Dataset items ::
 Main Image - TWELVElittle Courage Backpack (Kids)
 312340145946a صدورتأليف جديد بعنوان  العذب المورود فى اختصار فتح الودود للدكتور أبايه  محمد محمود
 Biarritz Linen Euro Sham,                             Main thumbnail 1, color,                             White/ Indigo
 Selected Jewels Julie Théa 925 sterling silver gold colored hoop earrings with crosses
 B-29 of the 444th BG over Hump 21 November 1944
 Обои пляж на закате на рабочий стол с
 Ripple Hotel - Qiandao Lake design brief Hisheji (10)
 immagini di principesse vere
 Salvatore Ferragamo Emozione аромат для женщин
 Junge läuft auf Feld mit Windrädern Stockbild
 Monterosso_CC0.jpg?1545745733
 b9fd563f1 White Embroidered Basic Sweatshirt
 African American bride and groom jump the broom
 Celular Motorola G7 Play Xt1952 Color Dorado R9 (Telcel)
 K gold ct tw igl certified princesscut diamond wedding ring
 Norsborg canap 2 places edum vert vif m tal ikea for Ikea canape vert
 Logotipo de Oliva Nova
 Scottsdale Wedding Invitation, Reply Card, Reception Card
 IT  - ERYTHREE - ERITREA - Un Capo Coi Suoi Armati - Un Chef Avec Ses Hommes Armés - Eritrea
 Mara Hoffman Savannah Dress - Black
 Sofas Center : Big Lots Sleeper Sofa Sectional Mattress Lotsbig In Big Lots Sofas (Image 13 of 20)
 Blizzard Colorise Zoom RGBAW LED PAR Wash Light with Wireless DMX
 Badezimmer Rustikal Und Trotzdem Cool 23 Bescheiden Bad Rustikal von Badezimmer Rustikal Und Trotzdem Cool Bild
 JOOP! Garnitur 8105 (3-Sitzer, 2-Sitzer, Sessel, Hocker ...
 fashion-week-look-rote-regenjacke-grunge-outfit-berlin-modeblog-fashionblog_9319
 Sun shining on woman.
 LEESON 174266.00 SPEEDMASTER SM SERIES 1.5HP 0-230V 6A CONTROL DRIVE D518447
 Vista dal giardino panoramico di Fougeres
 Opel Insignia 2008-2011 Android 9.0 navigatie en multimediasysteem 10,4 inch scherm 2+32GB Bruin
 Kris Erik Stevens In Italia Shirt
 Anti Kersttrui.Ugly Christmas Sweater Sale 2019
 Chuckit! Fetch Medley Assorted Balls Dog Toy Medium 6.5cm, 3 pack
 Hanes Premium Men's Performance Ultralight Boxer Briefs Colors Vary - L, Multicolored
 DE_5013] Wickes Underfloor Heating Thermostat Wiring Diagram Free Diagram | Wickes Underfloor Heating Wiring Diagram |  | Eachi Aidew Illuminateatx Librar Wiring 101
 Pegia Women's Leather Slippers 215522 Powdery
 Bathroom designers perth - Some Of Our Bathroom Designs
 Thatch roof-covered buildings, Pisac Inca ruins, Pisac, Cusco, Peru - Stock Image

TRY IT :: Each line of the records above must be copied exactly.

ANSWER AREA ::
 Main Image - TWELVElittle Courage Backpack (Kids)
 312340145946a صدورتأليف جديد بعنوان  العذب المورود فى اختصار فتح الودود للدكتور أبايه  محمد محمود
 Biarritz Linen Euro Sham,                             Main thumbnail 1, color,                             White/ Indigo
 Selected Jewels Julie Théa 925 sterling silver gold colored hoop earrings with crosses
 B-29 of the 444th BG over Hump 21 November 1944
 Обои пляж на закате на рабочий стол с
 Ripple Hotel - Qiandao Lake design brief Hisheji (10)
 immagini di principesse vere
 Salvatore Ferragamo Emozione аромат для женщин
 Junge läuft auf Feld mit Windrädern Stockbild
 Monterosso_CC0.jpg?1545745733
 b9fd563f1 White Embroidered Basic Sweatshirt
 African American bride and groom jump the broom
 Celular Motorola G7 Play Xt1952 Color Dorado R9 (Telcel)
 K gold ct tw igl certified princesscut diamond wedding ring
 Norsborg canap 2 places edum vert vif m tal ikea for Ikea canape vert
 Logotipo de Oliva Nova
 Scottsdale Wedding Invitation, Reply Card, Reception Card
 IT  - ERYTHREE - ERITREA - Un Capo Coi Suoi Armati - Un Chef Avec Ses Hommes Armés - Eritrea
 Mara Hoffman Savannah Dress - Black
 Sofas Center : Big Lots Sleeper Sofa Sectional Mattress Lotsbig In Big Lots Sofas (Image 13 of 20)
 Blizzard Colorise Zoom RGBAW LED PAR Wash Light with Wireless DMX
 Badezimmer Rustikal Und Trotzdem Cool 23 Bescheiden Bad Rustikal von Badezimmer Rustikal Und Trotzdem Cool Bild
 JOOP! Garnitur 8105 (3-Sitzer, 2-Sitzer, Sessel, Hocker ...
 fashion-week-look-rote-regenjacke-grunge-outfit-berlin-modeblog-fashionblog_9319
 Sun shining on woman.
 LEESON 174266.00 SPEEDMASTER SM SERIES 1.5HP 0-230V 6A CONTROL DRIVE D518447
 Vista dal giardino panoramico di Fougeres
 Opel Insignia 2008-2011 Android 9.0 navigatie en multimediasysteem 10,4 inch scherm 2+32GB Bruin
 Kris Erik Stevens In Italia Shirt
 Anti Kersttrui.Ugly Christmas Sweater Sale 2019
 Chuckit! Fetch Medley Assorted Balls Dog Toy Medium 6.5cm, 3 pack
 Hanes Premium Men's Performance Ultralight Boxer Briefs Colors Vary - L, Multicolored
 DE_5013] Wickes Underfloor Heating Thermostat Wiring Diagram Free Diagram | Wickes Underfloor Heating Wiring Diagram |  | Eachi Aidew Illuminateatx Librar Wiring 101
 Pegia Women's Leather Slippers 215522 Powdery
 Bathroom designers perth - Some Of Our Bathroom Designs
 Thatch roof-covered buildings, Pisac Inca ruins, Pisac, Cusco, Peru - Stock Image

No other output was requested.